Start of Block

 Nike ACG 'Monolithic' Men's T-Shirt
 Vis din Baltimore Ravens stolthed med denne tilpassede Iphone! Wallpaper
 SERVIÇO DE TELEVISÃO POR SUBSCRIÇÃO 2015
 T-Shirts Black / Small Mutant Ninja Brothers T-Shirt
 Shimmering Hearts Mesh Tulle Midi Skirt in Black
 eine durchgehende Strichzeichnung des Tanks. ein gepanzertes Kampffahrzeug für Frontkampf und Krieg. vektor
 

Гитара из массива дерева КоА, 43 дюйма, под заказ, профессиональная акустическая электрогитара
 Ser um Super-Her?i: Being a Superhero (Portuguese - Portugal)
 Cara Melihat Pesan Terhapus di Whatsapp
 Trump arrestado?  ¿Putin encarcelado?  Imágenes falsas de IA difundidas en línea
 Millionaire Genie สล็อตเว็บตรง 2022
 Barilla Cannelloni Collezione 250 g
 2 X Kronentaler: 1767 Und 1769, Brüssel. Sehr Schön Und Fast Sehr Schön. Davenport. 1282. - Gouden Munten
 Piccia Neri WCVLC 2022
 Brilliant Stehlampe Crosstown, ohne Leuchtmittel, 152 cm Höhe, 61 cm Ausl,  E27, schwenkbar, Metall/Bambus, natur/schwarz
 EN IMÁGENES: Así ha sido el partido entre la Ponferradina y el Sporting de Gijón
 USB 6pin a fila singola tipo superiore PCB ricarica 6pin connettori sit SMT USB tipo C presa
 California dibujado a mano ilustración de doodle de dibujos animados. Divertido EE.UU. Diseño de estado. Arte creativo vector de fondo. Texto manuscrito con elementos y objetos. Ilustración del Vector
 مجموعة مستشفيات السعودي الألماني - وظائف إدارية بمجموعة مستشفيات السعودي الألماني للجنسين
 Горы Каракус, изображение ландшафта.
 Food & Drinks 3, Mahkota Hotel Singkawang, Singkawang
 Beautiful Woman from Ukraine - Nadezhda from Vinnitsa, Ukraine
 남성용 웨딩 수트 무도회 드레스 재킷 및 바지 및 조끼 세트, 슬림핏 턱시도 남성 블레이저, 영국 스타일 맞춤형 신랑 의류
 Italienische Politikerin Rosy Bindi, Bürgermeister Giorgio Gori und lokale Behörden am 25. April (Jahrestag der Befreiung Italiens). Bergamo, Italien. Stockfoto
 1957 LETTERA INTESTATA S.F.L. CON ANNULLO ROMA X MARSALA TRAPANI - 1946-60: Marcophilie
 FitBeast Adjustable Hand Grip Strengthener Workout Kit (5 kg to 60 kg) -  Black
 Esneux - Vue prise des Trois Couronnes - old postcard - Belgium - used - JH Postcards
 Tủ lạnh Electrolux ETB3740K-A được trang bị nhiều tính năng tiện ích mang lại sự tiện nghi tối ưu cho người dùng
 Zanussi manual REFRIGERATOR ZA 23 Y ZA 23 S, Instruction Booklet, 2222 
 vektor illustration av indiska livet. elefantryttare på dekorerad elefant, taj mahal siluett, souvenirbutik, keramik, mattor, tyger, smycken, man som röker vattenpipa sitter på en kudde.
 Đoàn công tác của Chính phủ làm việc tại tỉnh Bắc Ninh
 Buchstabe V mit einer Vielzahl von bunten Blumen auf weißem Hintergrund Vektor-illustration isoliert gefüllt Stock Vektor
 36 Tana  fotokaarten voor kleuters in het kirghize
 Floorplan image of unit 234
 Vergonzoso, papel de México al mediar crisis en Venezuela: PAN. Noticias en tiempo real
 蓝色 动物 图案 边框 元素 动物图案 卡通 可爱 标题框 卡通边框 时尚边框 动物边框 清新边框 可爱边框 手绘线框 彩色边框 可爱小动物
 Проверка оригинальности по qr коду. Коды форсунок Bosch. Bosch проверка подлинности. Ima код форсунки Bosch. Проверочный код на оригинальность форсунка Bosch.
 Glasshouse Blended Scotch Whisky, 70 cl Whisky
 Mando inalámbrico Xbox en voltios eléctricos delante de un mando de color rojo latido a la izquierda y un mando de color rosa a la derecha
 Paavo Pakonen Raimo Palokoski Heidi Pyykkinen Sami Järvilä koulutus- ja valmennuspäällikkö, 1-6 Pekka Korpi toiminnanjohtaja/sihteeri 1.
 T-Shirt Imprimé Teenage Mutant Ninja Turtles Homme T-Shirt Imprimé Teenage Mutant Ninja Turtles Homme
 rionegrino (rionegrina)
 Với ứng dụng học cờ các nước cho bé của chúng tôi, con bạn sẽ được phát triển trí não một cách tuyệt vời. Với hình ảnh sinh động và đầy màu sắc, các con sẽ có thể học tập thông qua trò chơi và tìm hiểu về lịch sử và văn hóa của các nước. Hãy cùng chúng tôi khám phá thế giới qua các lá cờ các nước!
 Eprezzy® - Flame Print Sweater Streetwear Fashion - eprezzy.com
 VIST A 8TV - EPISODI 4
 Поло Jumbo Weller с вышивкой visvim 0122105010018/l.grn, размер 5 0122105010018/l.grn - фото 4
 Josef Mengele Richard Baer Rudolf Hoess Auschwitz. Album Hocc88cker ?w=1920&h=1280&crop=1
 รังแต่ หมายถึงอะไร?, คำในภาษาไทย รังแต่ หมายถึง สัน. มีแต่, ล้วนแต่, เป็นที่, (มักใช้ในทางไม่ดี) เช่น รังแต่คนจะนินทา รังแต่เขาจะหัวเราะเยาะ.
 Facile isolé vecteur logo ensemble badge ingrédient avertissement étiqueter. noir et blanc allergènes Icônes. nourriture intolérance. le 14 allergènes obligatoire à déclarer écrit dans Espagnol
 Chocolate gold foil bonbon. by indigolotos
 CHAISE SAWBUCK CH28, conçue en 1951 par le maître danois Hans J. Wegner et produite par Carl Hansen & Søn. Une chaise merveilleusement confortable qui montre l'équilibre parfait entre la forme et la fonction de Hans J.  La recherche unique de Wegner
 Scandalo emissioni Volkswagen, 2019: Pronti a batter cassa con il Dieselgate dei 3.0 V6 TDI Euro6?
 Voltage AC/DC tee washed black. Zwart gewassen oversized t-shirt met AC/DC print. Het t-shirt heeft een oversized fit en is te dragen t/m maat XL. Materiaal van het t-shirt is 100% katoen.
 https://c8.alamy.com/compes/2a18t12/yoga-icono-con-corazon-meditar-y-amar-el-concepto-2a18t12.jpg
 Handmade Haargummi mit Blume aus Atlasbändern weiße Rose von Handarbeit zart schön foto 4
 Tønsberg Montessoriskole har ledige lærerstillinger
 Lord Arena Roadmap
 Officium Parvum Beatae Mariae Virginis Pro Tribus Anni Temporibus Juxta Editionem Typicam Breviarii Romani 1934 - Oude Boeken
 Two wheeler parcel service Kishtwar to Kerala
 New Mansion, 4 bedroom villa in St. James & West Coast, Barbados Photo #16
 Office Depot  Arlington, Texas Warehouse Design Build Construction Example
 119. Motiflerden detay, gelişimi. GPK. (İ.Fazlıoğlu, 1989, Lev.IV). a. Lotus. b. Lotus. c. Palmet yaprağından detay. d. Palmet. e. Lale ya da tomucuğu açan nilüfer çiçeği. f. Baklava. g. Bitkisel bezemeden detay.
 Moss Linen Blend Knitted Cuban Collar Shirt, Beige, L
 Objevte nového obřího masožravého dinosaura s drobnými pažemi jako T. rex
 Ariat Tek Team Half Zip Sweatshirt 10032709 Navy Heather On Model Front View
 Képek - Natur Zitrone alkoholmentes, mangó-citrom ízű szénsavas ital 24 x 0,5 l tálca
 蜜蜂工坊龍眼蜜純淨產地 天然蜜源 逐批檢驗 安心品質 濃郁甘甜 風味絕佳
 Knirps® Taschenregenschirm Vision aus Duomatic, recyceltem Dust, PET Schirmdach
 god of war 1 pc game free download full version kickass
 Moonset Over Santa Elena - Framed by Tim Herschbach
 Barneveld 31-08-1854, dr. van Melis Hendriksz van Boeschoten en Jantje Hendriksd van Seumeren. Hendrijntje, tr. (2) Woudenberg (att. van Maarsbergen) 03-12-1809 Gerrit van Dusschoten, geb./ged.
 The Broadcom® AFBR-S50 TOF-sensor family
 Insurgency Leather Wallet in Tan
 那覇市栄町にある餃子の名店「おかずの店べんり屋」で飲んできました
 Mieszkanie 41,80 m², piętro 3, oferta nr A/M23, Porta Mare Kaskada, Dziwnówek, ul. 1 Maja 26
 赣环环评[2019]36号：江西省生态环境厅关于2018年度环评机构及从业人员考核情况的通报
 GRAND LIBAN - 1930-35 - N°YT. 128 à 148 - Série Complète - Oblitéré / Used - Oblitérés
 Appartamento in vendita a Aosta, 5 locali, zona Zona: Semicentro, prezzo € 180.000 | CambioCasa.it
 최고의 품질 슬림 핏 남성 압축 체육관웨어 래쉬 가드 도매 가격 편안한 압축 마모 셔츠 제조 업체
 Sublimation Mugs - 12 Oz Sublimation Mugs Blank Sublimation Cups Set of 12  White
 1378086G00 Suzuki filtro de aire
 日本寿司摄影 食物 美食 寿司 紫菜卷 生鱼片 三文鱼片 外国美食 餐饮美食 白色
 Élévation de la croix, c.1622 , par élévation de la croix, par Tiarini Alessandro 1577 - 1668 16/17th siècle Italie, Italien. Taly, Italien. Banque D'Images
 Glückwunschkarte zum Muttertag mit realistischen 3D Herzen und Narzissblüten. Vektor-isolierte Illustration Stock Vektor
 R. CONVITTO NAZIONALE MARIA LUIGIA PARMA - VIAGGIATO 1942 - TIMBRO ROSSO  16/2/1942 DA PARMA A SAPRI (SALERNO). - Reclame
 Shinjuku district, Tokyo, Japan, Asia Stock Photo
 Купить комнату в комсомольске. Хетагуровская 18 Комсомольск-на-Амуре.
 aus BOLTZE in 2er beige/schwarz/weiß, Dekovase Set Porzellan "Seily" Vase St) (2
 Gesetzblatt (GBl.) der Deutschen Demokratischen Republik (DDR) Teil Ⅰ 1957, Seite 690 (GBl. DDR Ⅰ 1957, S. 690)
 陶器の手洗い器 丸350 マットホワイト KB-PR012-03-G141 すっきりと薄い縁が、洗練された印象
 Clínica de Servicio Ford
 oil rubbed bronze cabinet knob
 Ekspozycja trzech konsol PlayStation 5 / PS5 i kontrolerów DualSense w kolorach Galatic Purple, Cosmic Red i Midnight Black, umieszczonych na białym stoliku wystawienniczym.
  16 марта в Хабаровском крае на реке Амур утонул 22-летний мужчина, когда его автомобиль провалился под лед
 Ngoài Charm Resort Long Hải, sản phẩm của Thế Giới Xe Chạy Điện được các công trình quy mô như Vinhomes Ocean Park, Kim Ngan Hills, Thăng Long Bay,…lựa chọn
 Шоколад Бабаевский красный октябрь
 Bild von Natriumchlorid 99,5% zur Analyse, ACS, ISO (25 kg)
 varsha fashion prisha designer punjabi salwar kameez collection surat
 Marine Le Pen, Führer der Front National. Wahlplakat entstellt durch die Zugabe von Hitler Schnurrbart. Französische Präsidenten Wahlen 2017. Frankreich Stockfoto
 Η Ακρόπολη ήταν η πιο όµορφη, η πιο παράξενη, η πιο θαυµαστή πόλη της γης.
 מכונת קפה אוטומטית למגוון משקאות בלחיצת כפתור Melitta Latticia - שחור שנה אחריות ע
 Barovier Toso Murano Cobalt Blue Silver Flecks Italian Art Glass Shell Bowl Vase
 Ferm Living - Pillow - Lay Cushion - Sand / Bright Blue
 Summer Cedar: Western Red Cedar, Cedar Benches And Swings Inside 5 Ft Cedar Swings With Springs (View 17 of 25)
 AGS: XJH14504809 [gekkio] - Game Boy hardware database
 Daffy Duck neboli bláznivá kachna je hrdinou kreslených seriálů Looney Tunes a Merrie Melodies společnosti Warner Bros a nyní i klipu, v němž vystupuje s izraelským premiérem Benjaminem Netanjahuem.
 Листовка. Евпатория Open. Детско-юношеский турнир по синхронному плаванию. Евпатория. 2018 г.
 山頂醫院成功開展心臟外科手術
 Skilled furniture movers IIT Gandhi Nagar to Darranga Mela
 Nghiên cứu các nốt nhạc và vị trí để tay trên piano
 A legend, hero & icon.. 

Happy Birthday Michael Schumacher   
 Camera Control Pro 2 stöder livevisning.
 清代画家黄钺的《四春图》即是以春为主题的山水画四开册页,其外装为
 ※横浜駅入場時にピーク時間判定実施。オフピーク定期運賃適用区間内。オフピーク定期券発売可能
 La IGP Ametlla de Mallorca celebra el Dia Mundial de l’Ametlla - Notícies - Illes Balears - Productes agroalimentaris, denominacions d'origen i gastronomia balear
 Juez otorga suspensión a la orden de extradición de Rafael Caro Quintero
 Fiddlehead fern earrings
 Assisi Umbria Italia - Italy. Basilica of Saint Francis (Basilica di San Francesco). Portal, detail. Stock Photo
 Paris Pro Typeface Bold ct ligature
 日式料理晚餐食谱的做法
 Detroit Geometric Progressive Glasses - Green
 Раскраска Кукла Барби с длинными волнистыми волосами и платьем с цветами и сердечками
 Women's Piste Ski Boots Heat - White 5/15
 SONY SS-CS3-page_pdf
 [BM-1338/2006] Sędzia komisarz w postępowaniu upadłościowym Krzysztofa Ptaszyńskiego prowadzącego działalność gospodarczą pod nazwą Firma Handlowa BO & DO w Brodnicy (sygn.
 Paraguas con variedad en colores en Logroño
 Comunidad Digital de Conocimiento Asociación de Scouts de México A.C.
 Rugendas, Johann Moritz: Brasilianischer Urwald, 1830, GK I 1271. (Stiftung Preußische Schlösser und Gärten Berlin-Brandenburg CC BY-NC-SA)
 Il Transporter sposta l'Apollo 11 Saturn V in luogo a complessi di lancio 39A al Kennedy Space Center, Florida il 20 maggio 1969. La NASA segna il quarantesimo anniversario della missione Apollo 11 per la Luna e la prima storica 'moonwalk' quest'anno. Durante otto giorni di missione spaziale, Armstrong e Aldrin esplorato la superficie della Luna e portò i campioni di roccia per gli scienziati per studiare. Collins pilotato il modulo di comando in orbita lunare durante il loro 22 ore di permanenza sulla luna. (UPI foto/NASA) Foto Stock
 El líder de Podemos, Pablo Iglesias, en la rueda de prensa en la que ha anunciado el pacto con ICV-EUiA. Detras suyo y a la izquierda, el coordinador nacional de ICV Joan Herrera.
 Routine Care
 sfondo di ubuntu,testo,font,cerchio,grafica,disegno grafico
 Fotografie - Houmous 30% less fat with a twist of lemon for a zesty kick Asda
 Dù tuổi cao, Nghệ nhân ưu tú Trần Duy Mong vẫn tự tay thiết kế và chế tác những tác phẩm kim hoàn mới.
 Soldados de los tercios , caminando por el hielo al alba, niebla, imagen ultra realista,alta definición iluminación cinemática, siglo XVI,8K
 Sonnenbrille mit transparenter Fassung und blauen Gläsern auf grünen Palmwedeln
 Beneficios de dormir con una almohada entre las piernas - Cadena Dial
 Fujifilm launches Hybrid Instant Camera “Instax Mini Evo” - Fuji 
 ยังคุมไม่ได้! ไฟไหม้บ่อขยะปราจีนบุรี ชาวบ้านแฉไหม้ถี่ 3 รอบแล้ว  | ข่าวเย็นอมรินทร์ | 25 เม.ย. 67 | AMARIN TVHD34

End of Block

### Work to be completed
Copy out the range of lines above starting at the line with "Đoàn công tác" and ending at the line with "Glasshouse Blended Scotch", exactly and including both.

### Answer box
 Đoàn công tác của Chính phủ làm việc tại tỉnh Bắc Ninh
 Buchstabe V mit einer Vielzahl von bunten Blumen auf weißem Hintergrund Vektor-illustration isoliert gefüllt Stock Vektor
 36 Tana  fotokaarten voor kleuters in het kirghize
 Floorplan image of unit 234
 Vergonzoso, papel de México al mediar crisis en Venezuela: PAN. Noticias en tiempo real
 蓝色 动物 图案 边框 元素 动物图案 卡通 可爱 标题框 卡通边框 时尚边框 动物边框 清新边框 可爱边框 手绘线框 彩色边框 可爱小动物
 Проверка оригинальности по qr коду. Коды форсунок Bosch. Bosch проверка подлинности. Ima код форсунки Bosch. Проверочный код на оригинальность форсунка Bosch.
 Glasshouse Blended Scotch Whisky, 70 cl Whisky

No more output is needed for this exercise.